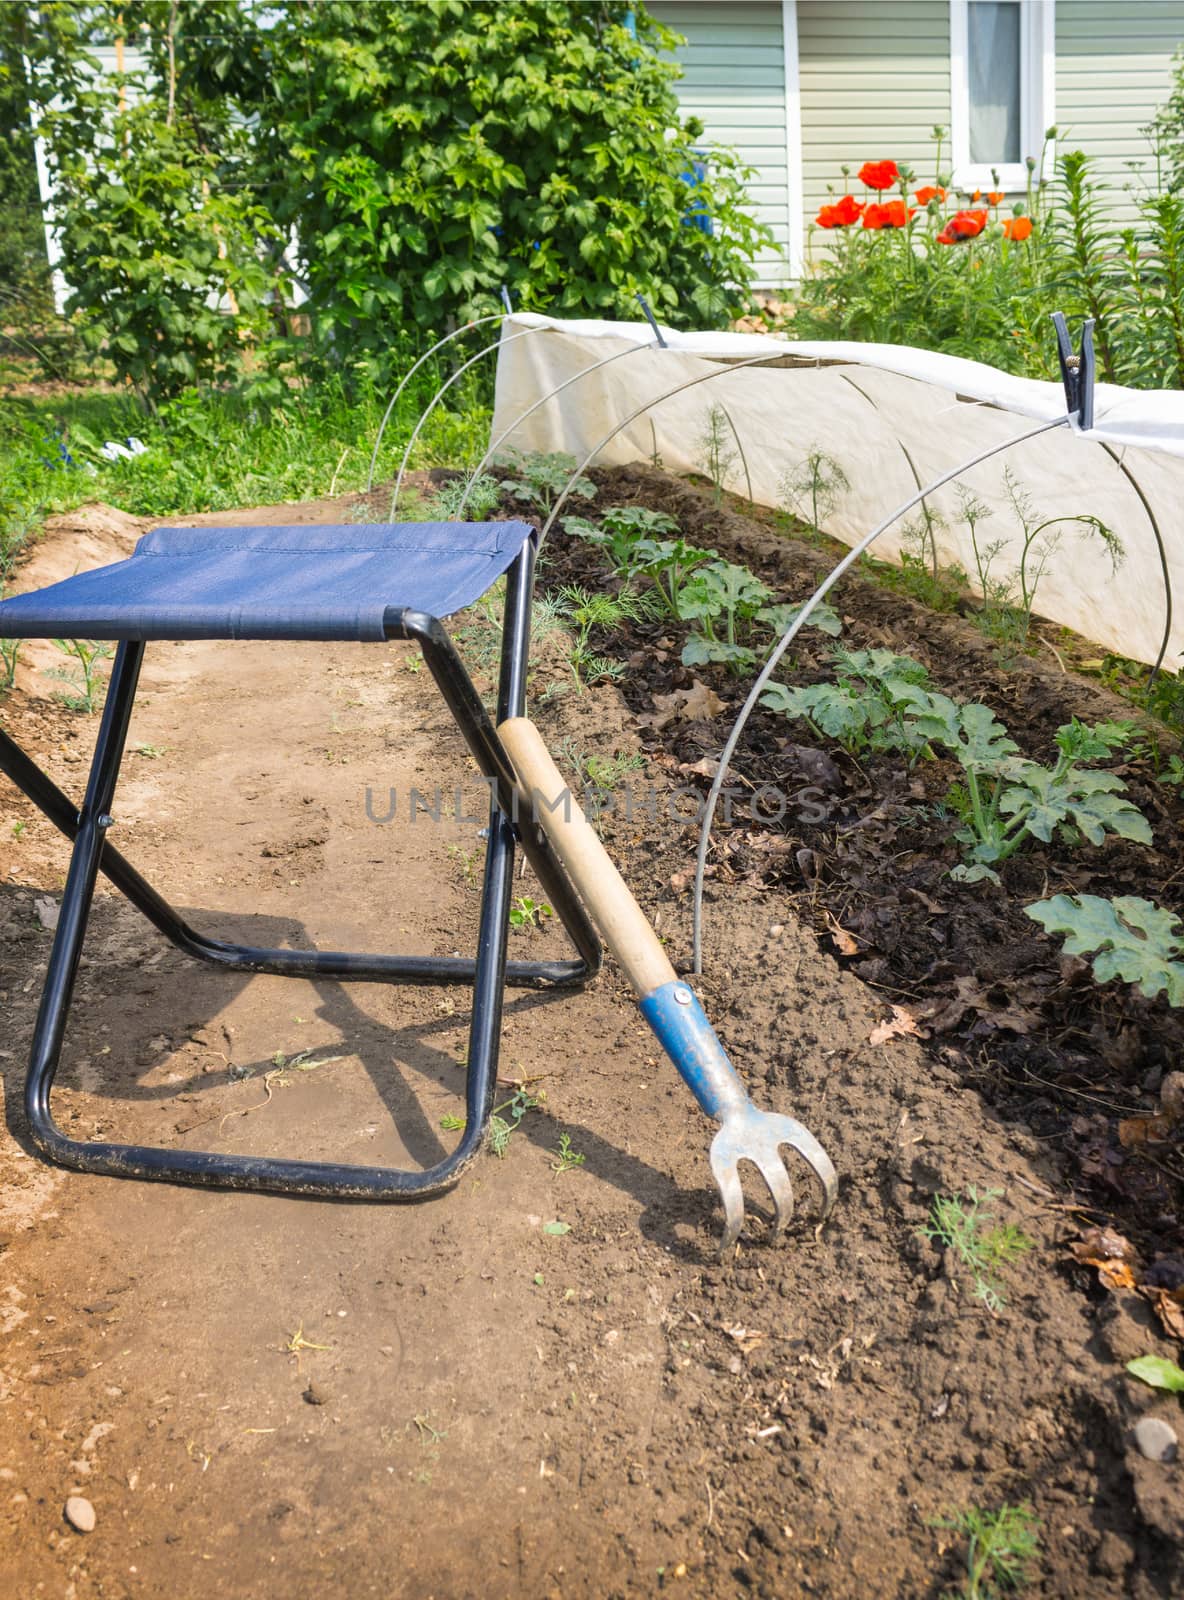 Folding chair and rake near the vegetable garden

|---|

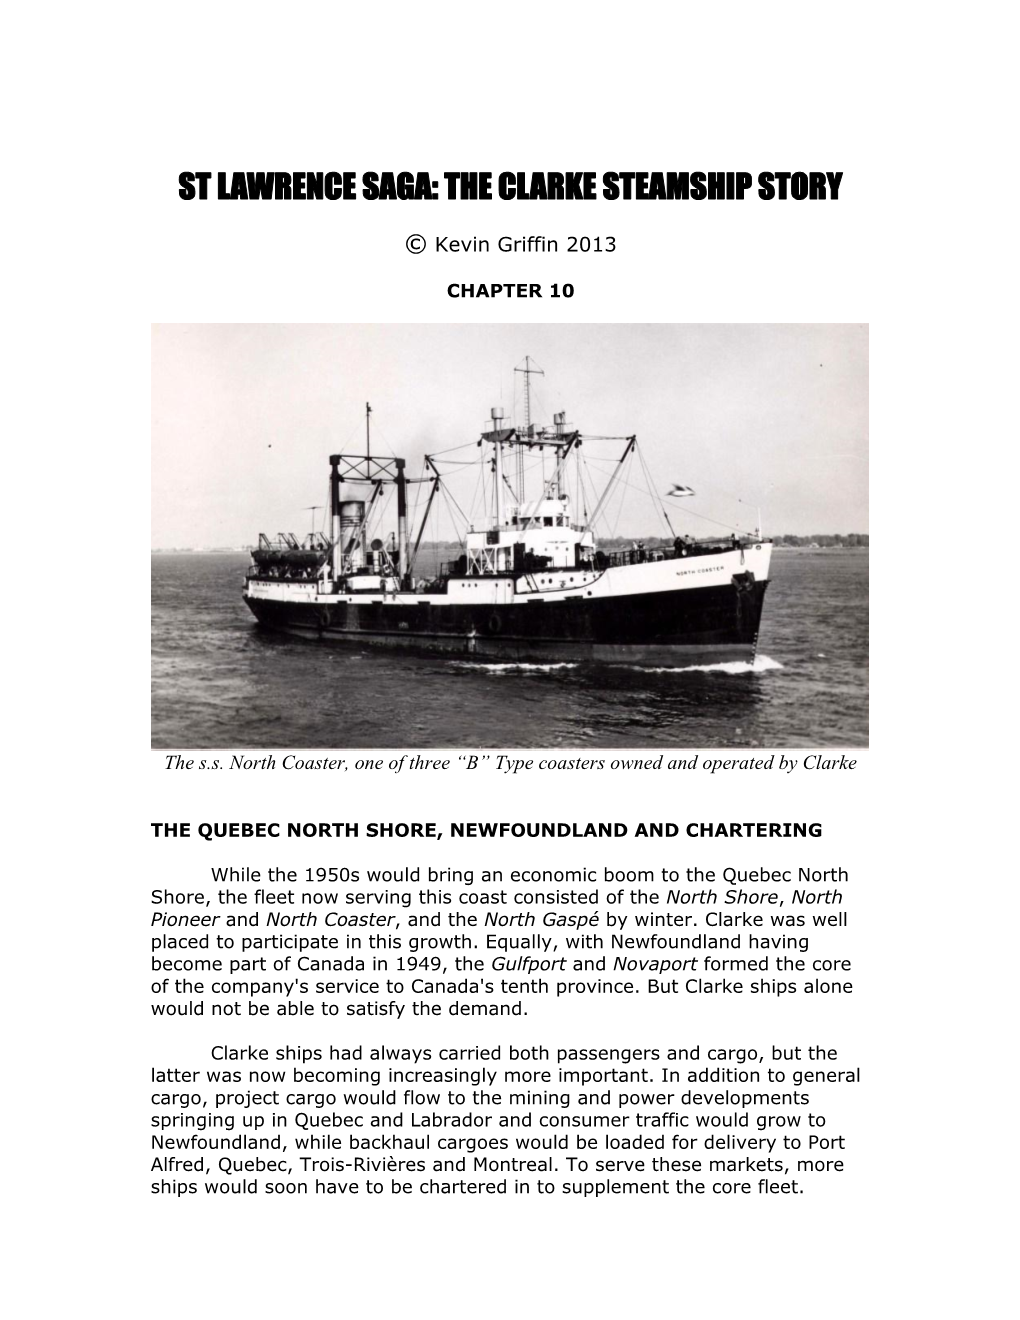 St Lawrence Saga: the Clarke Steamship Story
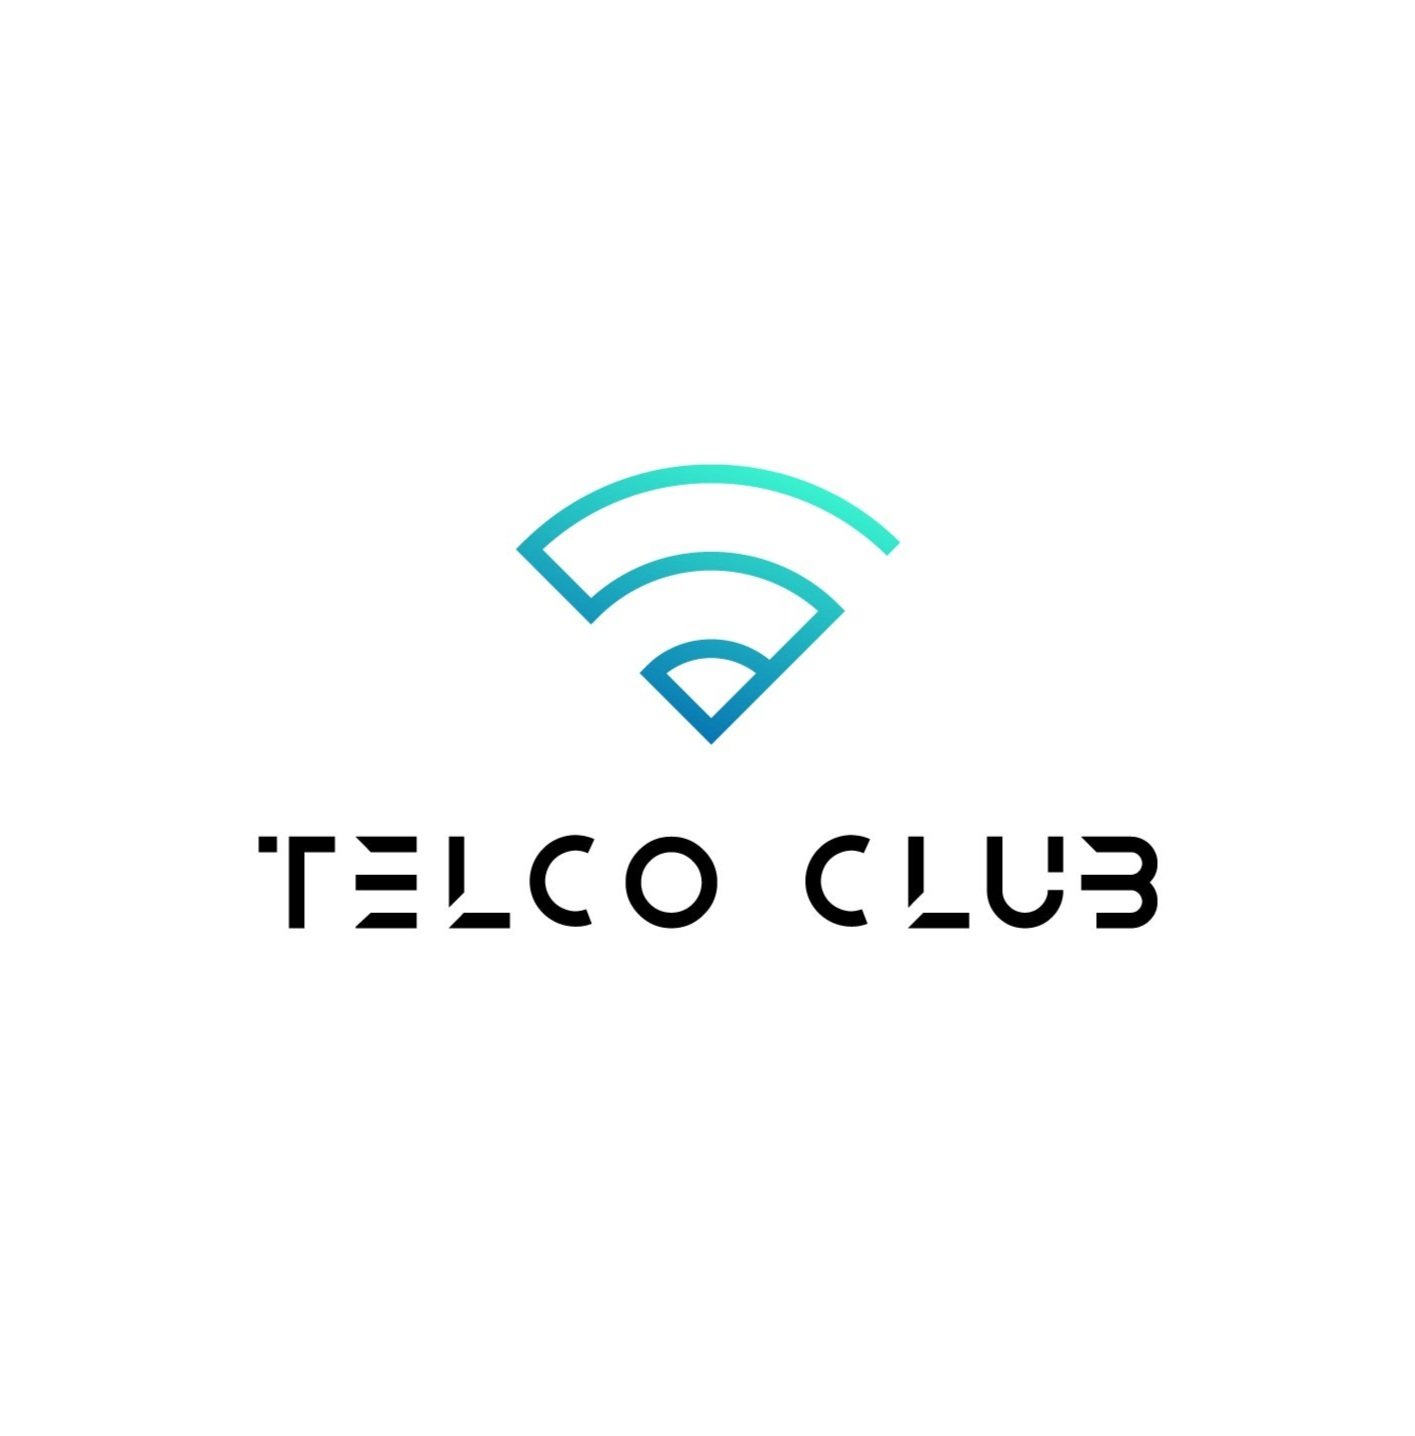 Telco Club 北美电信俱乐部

|---|

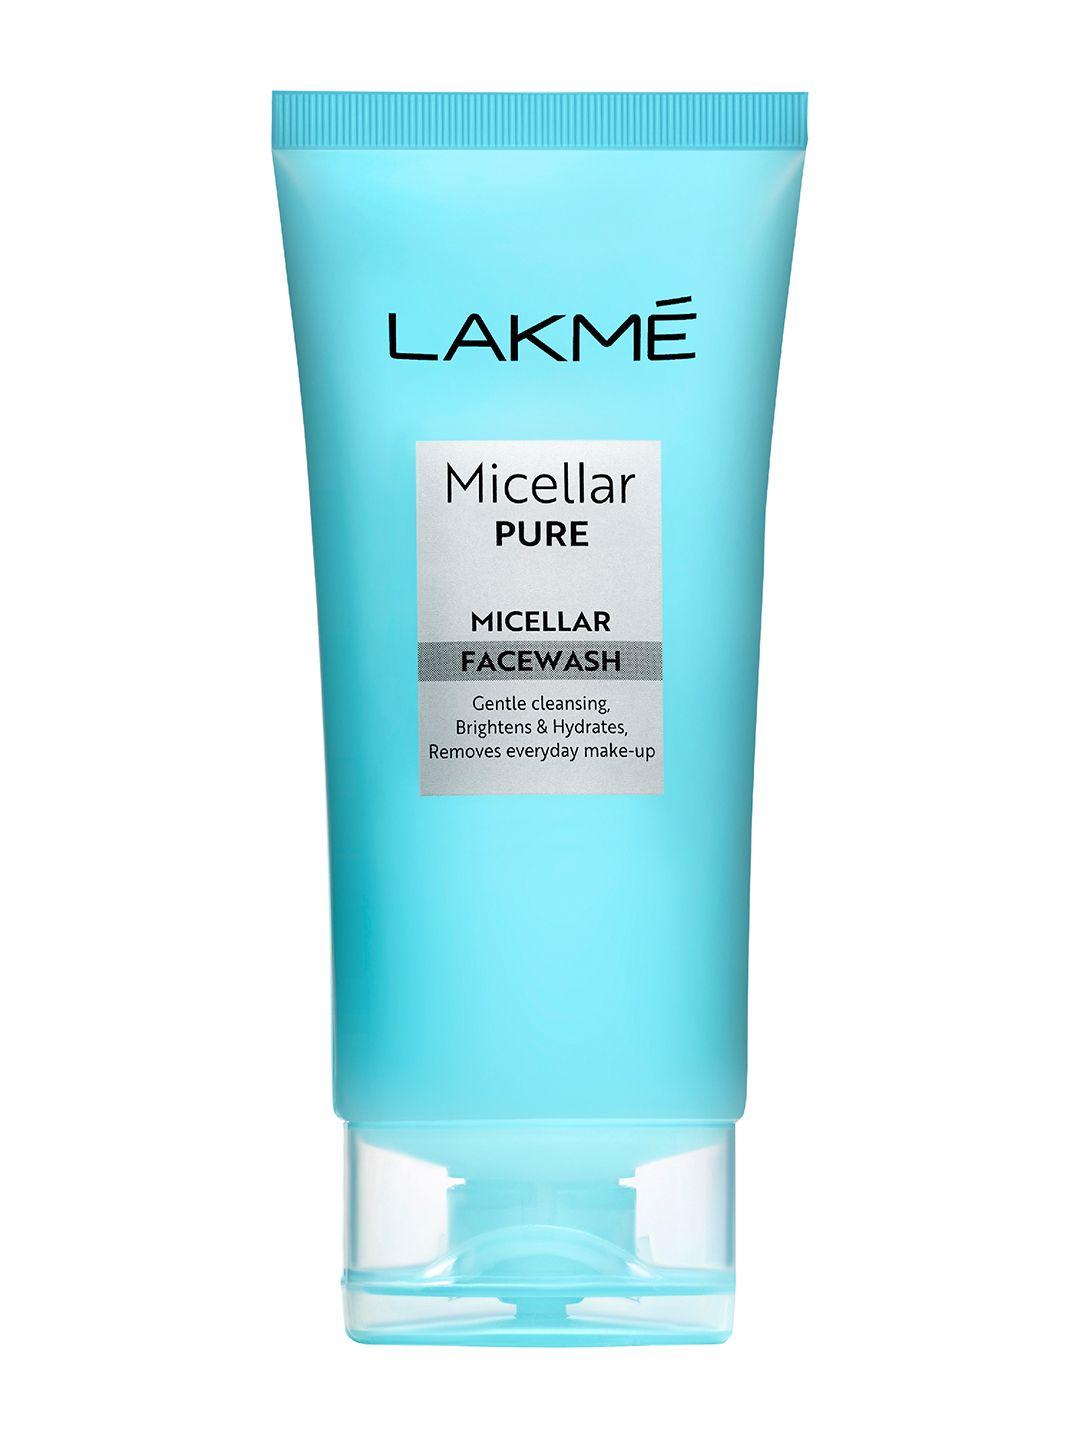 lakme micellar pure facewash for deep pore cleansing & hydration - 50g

|---|

**What you are asked to do**
Of the records above, print only the lines from the one containing "St Lawrence Saga: the Clarke Steamship Story" through the one containing "Telco Club 北美电信俱乐部", inclusive and unaltered, leaving out pictures.

**Reply**
 St Lawrence Saga: the Clarke Steamship Story
 Telco Club 北美电信俱乐部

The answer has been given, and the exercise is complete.